Scott Gilbreath:
...Ms Taylor’s “defence” is full of faulty assumptions, erroneous arguments, and dumb mistakes. The unnamed SMU Journal reporter who conducted the interview is complicit for failing to challenge her foolishness.
Taylor cites as precedent SMU’s cowardly decision to cancel a debate between former philosophy professor Peter March and alleged racist Jared Taylor in March 2007, but she gets crucial facts wrong. According to her, the university cancelled the debate “in an effort to protect students from the pain and suffering that is inflicted by the promotion of hate speech”; but that’s not what SMU said about it. The SMU press release she herself quotes refers only to “high security risks and potential threat to both our campus community and to visitors”.

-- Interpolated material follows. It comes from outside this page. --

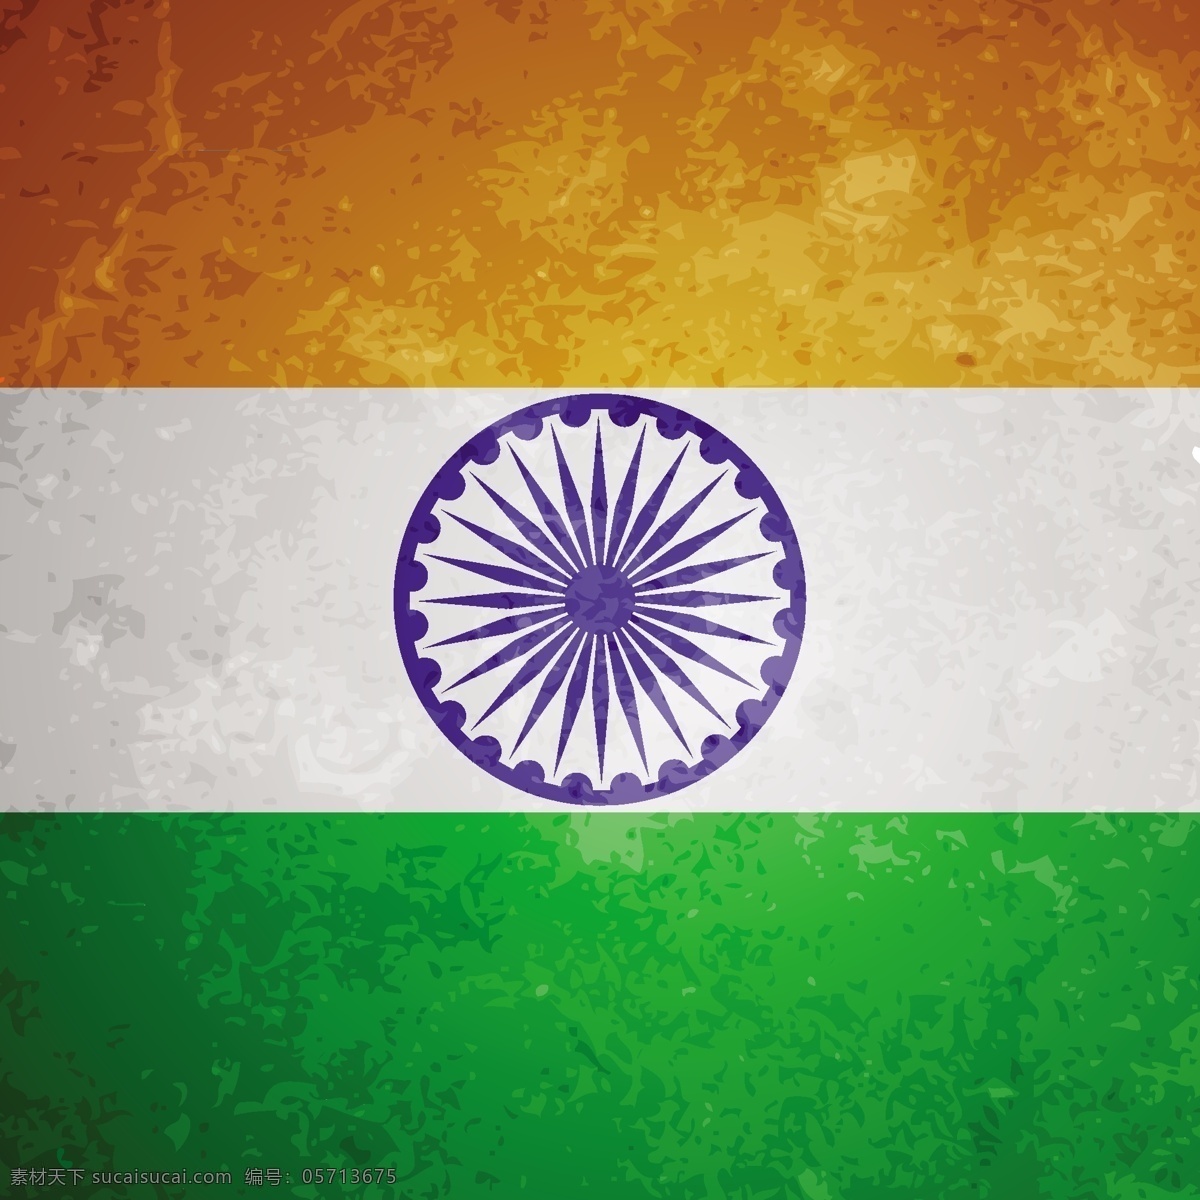 印度 国旗 蹩脚 背景 旗 节 假日 和平 国家 大 下 自由 爱国 一月 独立 民主 民族的脉轮 共和国宪法 肮脏的 绿色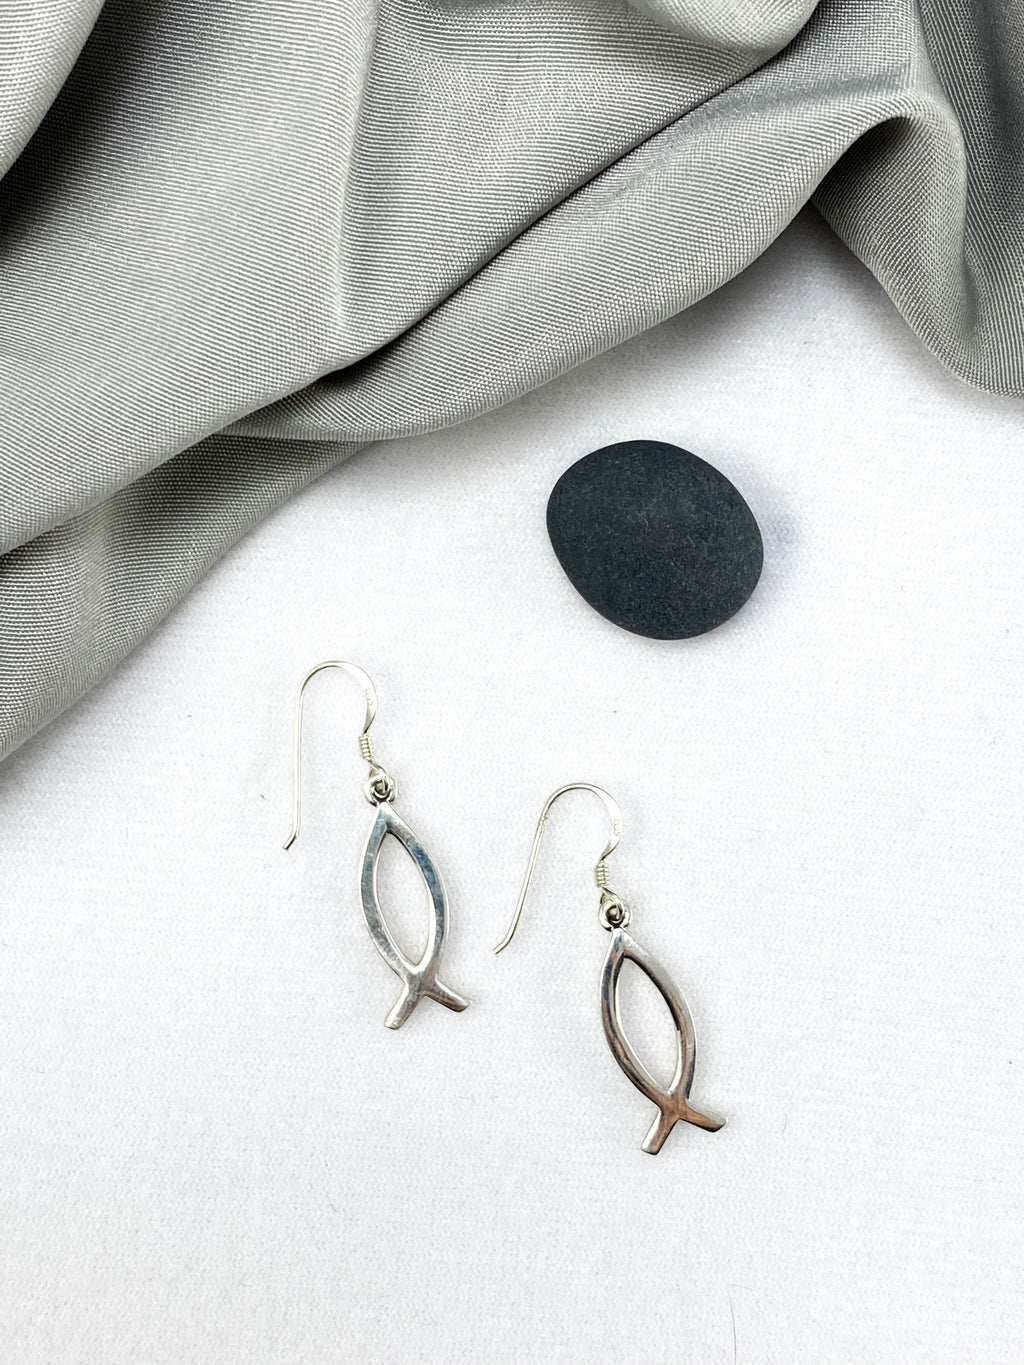 Sterling Silver Fish Earrings

The press release also says this:
The University remains committed to academic freedom, diversity of opinion, and supports open debate in a forum that does not put the personal safety of our community at risk.
Taylor does not allege that Mr Ruba’s presentation endangered anyone’s “personal safety”, so the press release that she relies on as justification does not actually support last month’s display of anti-free speech fascism...
Hello! She refers to the Canadian Human Rights Act, but quotes from and links to the Nova Scotia Human Rights Act. Does she know what she’s talking about?
In any case, taking the law into one’s own hands by presumptively shouting down a speaker is not one of the legal remedies set forth in the Nova Scotia Human Rights Act. One must lodge a complaint with the Nova Scotia Human Rights Commission, which will decide if the complaint is worthy of further action.
She calls Ruba a racist because he cites Martin Luther King, Jr, in support of anti-abortion views in what she thinks is a misleading and manipulative fashion. A racist is someone who thinks that some races are inherently inferior to others. Quoting a black man with approval is prima facie evidence that Ruba thinks blacks are equal. Taylor may disagree with Ruba’s interpretation of King’s words but, obviously, that doesn’t make Ruba a racist.
Besides, in view of Taylor’s self-serving misuse of the Nova Scotia Human Rights Act, it’s a little rich for her to complain that someone else is being “misleading and manipulative”.....
I'm sure Ms. Taylor is unaware that Dr. Alveda King, Martin Luther King Jr.'s niece, frequently quotes her uncle in her prolife advocacy work.
(I sure hope my son is receiving a better education at SMU than Ms. Taylor apparently is!)